In Defense of Form in Poetry

Confession: I love sonnets. I love villanelles. I love heroic couplets.

I love words that have been wrought, not just lined up. I love rhyme, alliteration, and meter. Especially meter. That’s where the music lives.

Not that I don’t love free verse. I do. Not that I don’t love prose fiction. Of course I do. But I adore the extra intensity delivered by metrical verse, and I relish the extra engagement it takes both to read it and to write it.

Today I’m thinking about sonnets. Generally speaking, a sonnet is fourteen lines of iambic pentameter. Iambic pentameter, the marching, grave meter of ten syllables in an alternating pattern of weak/strong, weak/strong, weak/strong (five times, so pentameter) is the favored form for serious verse in English since the time of Chaucer. As an “iamb” is two syllables, a weak one followed by a stressed one, like ‘about’ or ‘before’ or ‘Denise,’ a line of iambic pentameter can feel as regular as a drumbeat: “My mistress’ eyes are nothing like the sun.”
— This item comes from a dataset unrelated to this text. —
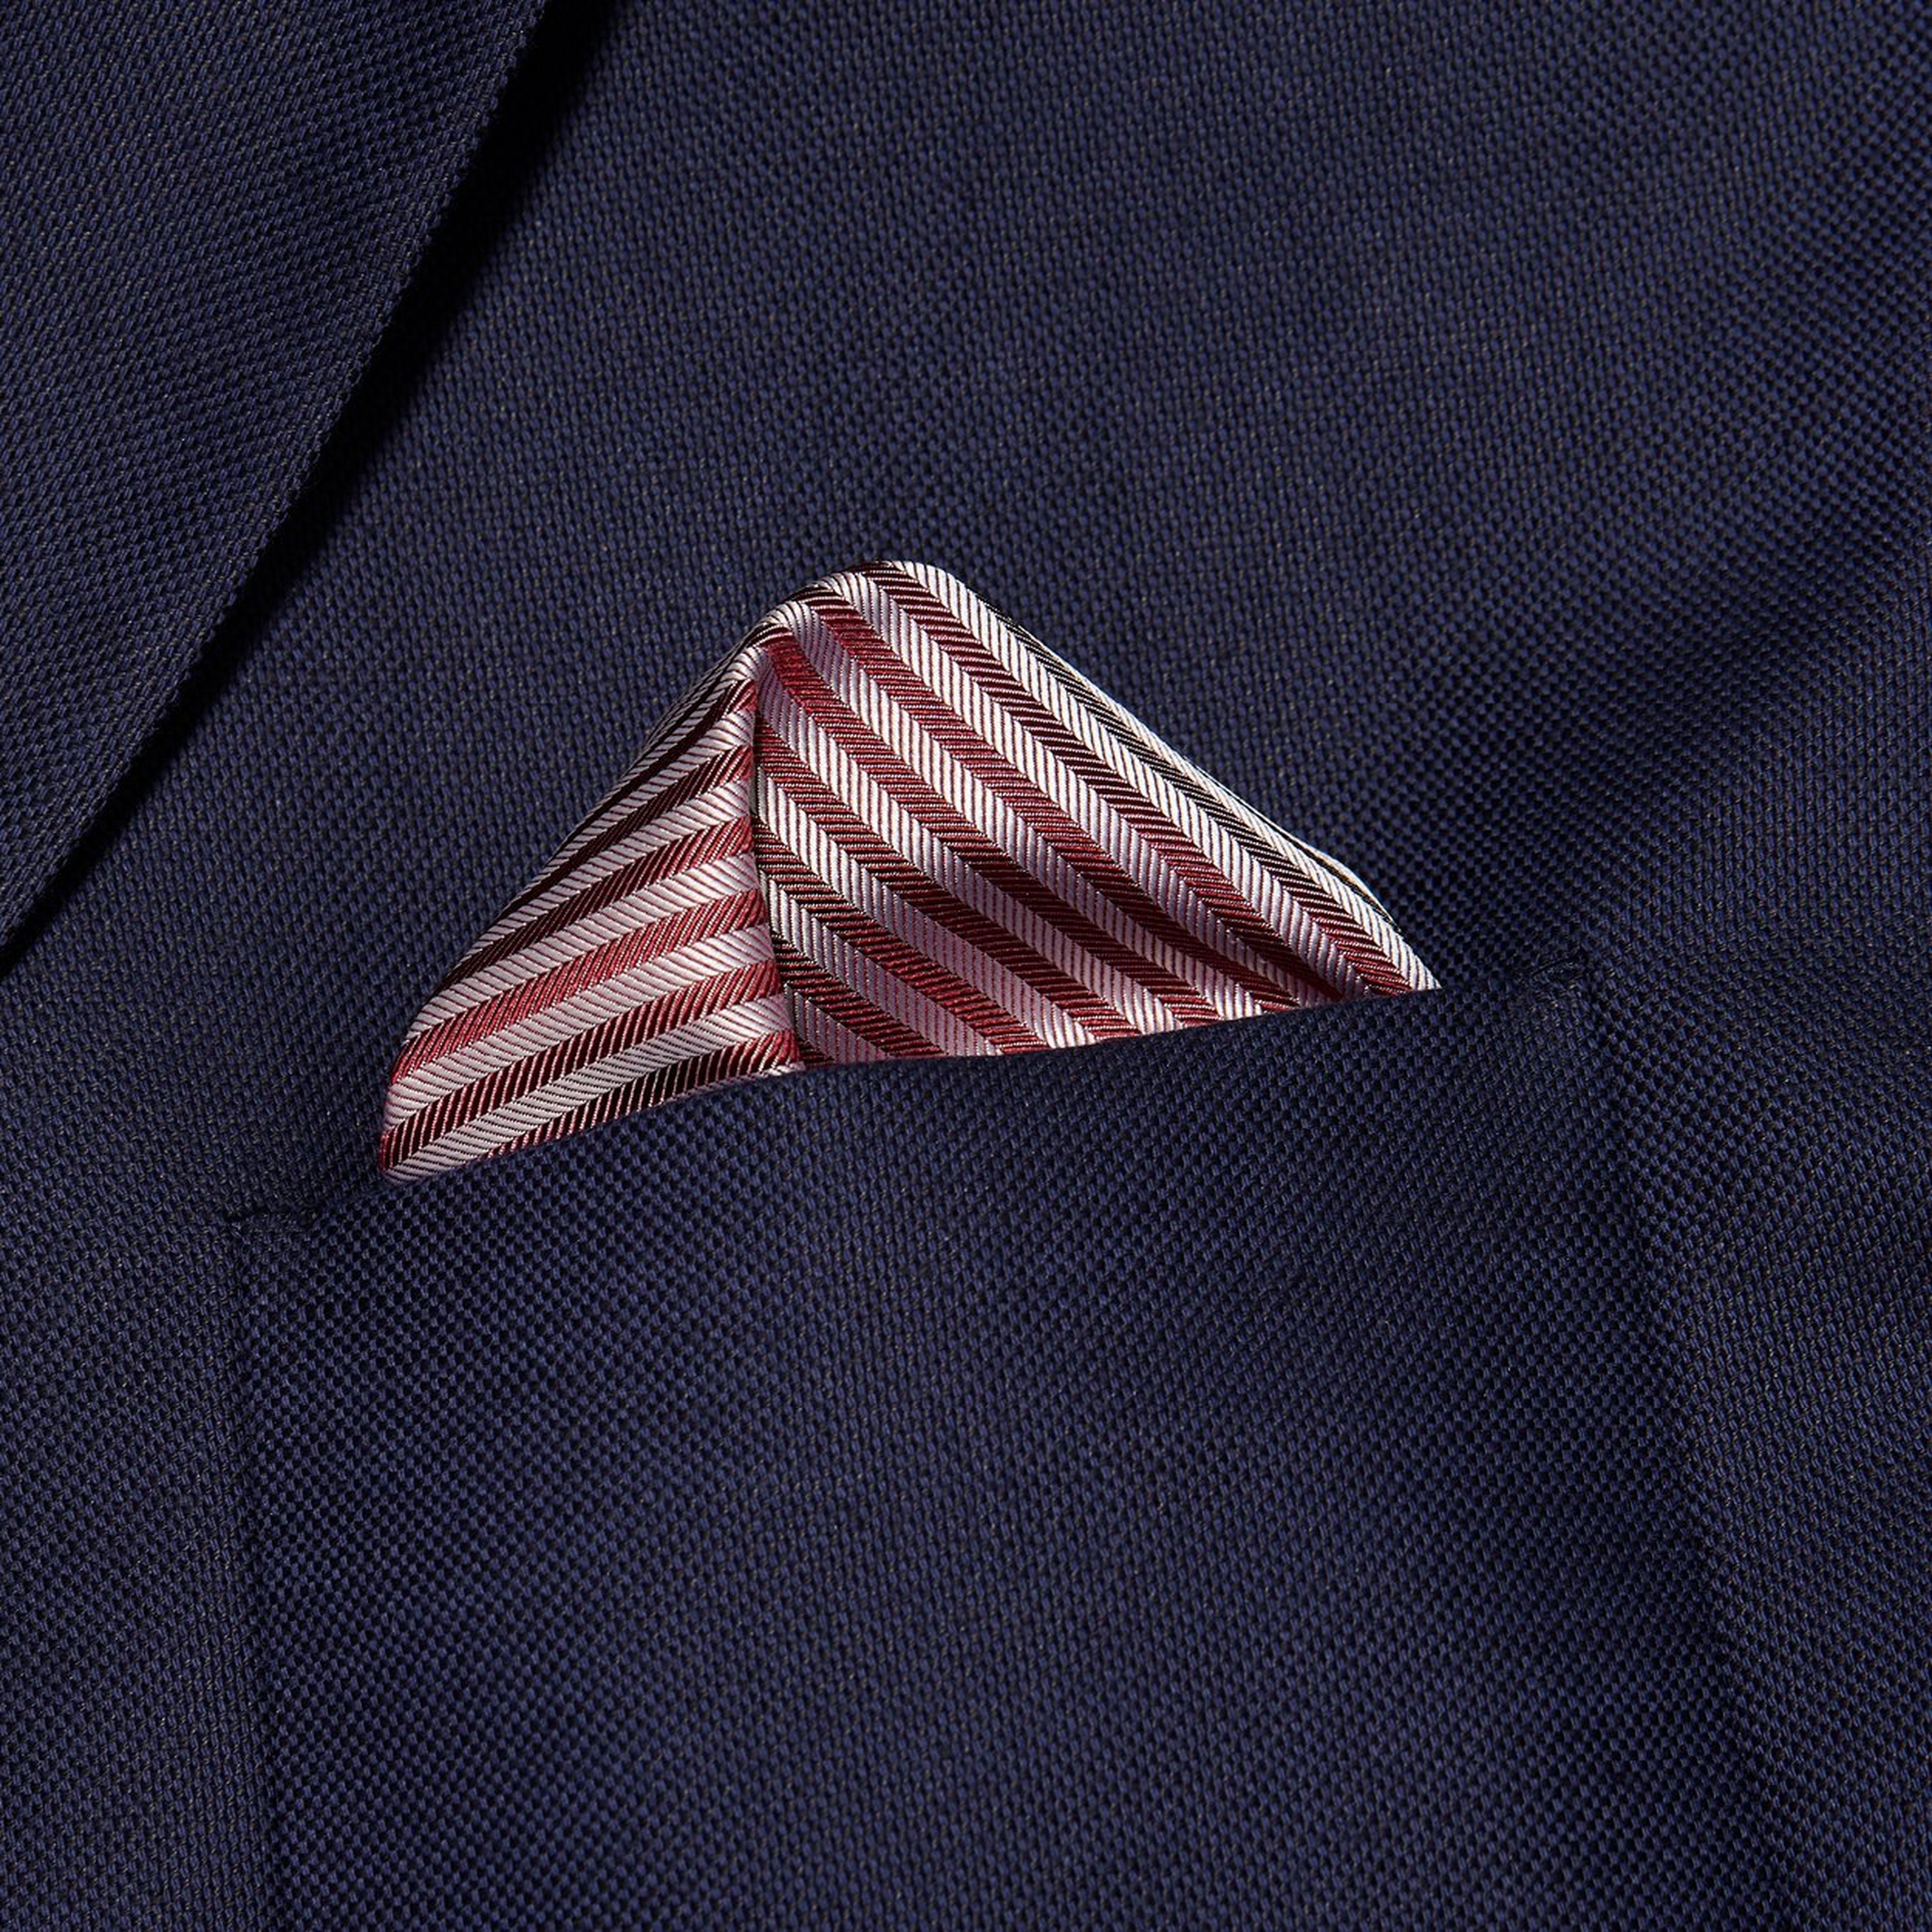 Thomas Pink's Striped Woven Silk Pocket Square

Sonnets come in two varieties: the English or Shakespearean and the Italian or Petrarchan. Shakespearean sonnets, made famous by his prodigious ability and volume, divide the fourteen lines in to three quatrains and a couplet. These stanzas are often bound by rhyme, and the couplet at the end feels like a punchline or a conclusion the poem has been building up to with each stanza adding a different facet. It’s the “five paragraph essay” of the poetry world, and the thesis is the couplet at the end.

Italian sonnets work differently. Divided in to two stanzas of eight and six lines (an octet and a sestet), they lend themselves to different content. The first, longer stanza often sets a scene or makes a statement, and then the second, shorter one responds in some way—sometimes showing the flaw in the first image, or its faulty reasoning, or maybe just digging deeper in to it—questioning, exploring, or reflecting. This type of sonnet feels more like a debate than an essay, with the first position of the octet countered in the sestet.
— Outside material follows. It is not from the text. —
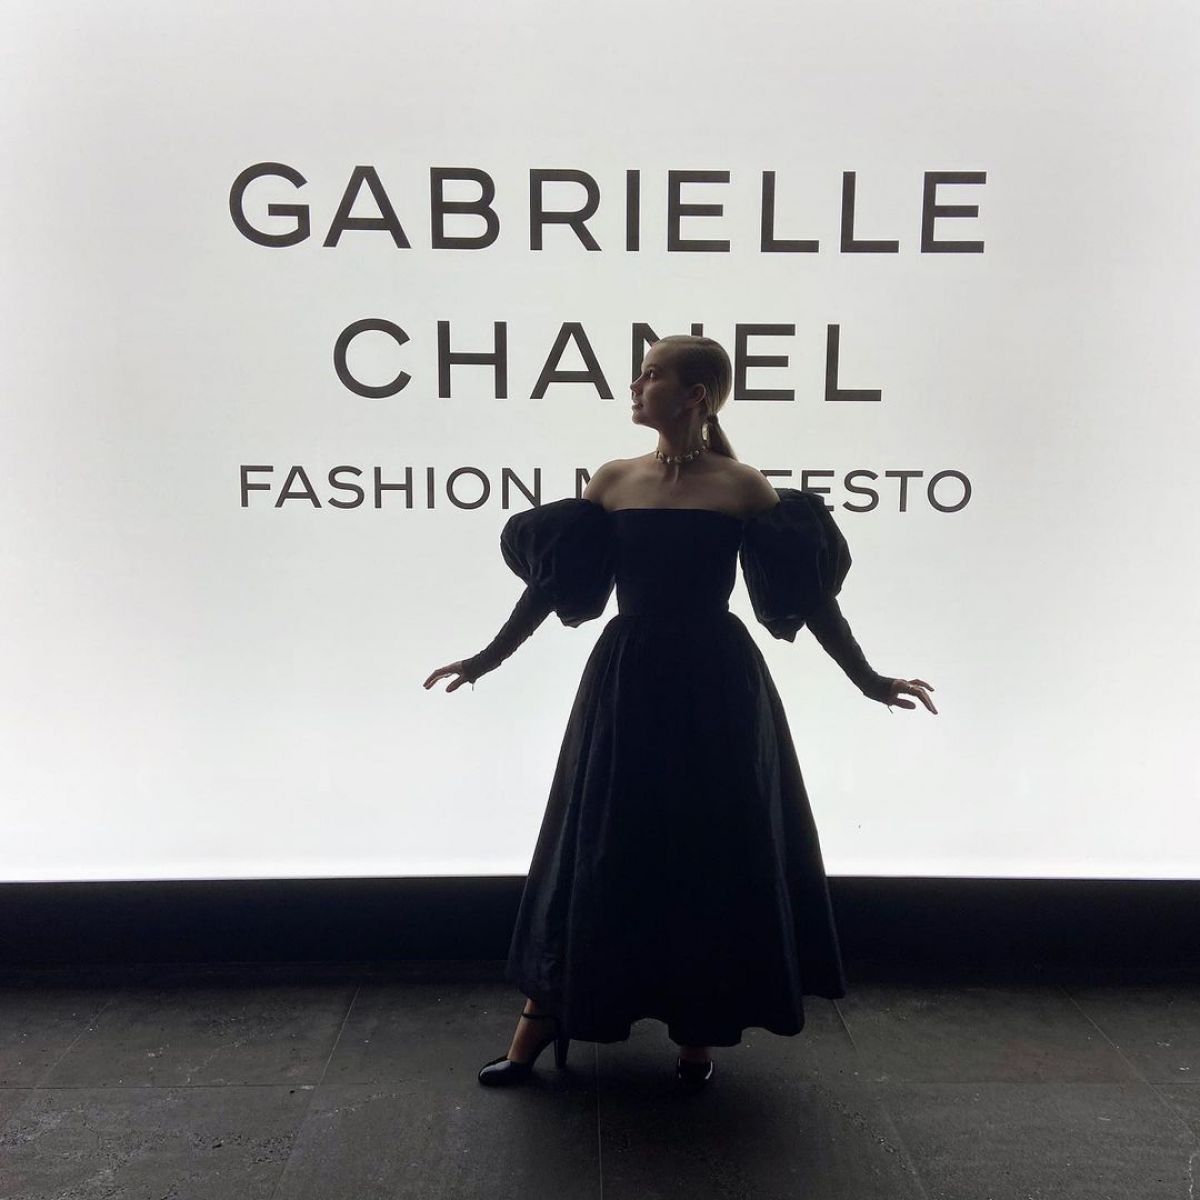 Angourie Rice Gabrielle Chanel Fashion Manfiesto Melbourne

So it’s a little form. You can read them quickly or linger over their construction. But they pack a big punch. They have to. They don’t have the space of a novel or even a ballad—just fourteen lines in which to make you sigh or wonder or weep.
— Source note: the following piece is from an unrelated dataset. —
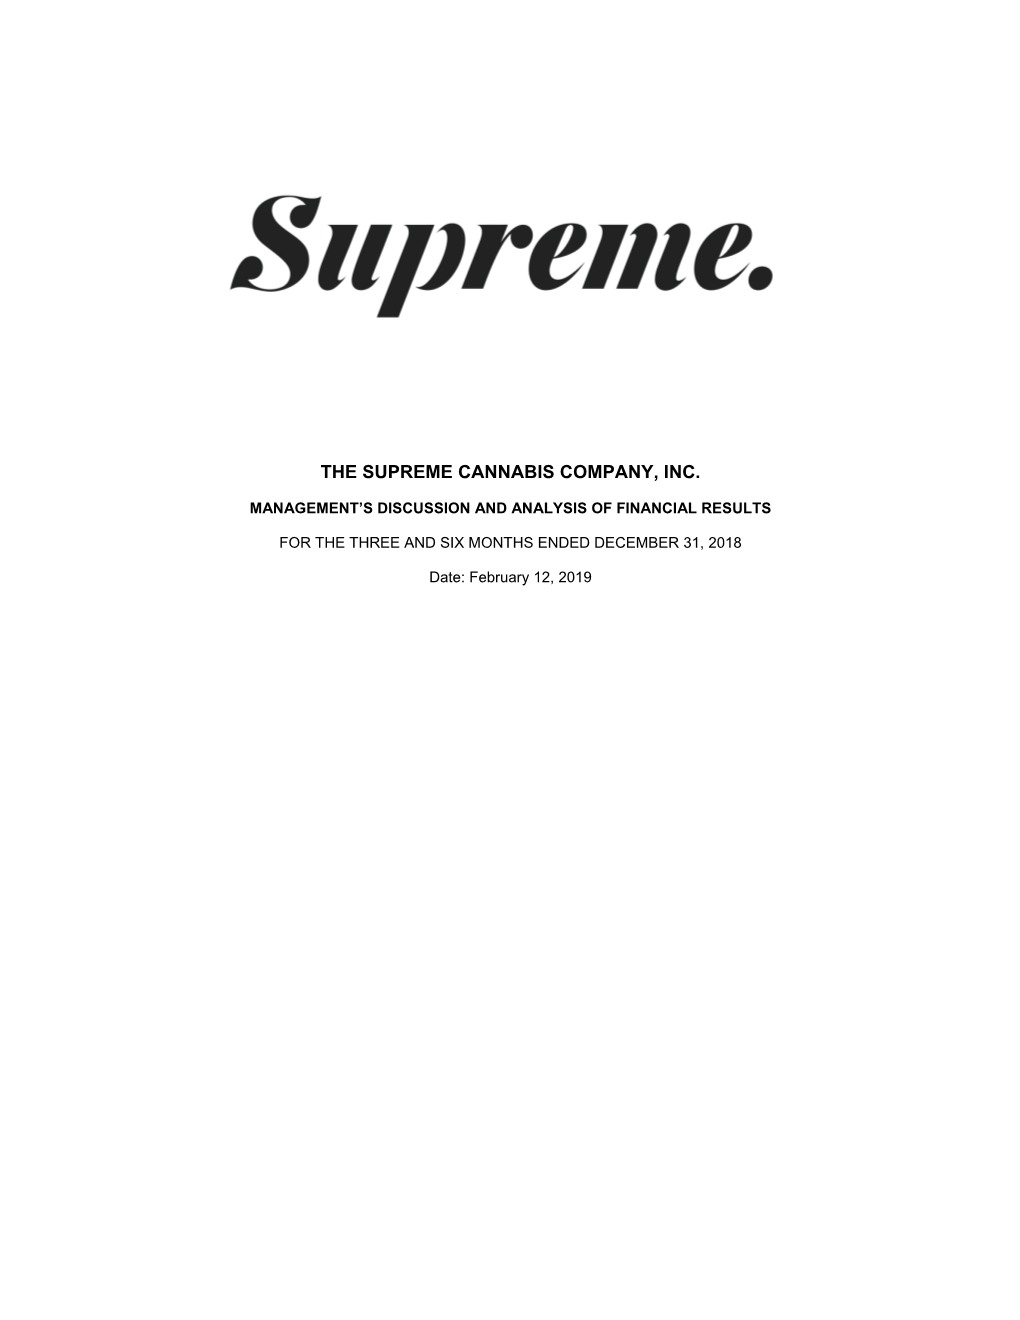 The Supreme Cannabis Company, Inc

Here’s one for the road. Christina Rossetti’s vision of an artist’s model. Enjoy.

“In an Artist’s Studio”

One face looks out from all his canvases,
One selfsame figure sits or walks or leans:
We found her hidden just behind those screens,
That mirror gave back all her loveliness.
A queen in opal or in ruby dress,
A nameless girl in freshest summer-greens,
A saint, an angel–every canvas means
The same one meaning, neither more or less.
He feeds upon her face by day and night,
And she with true kind eyes looks back on him,
Fair as the moon and joyful as the light:
Not wan with waiting, not with sorrow dim;
Not as she is, but was when hope shone bright;
Not as she is, but as she fills his dream.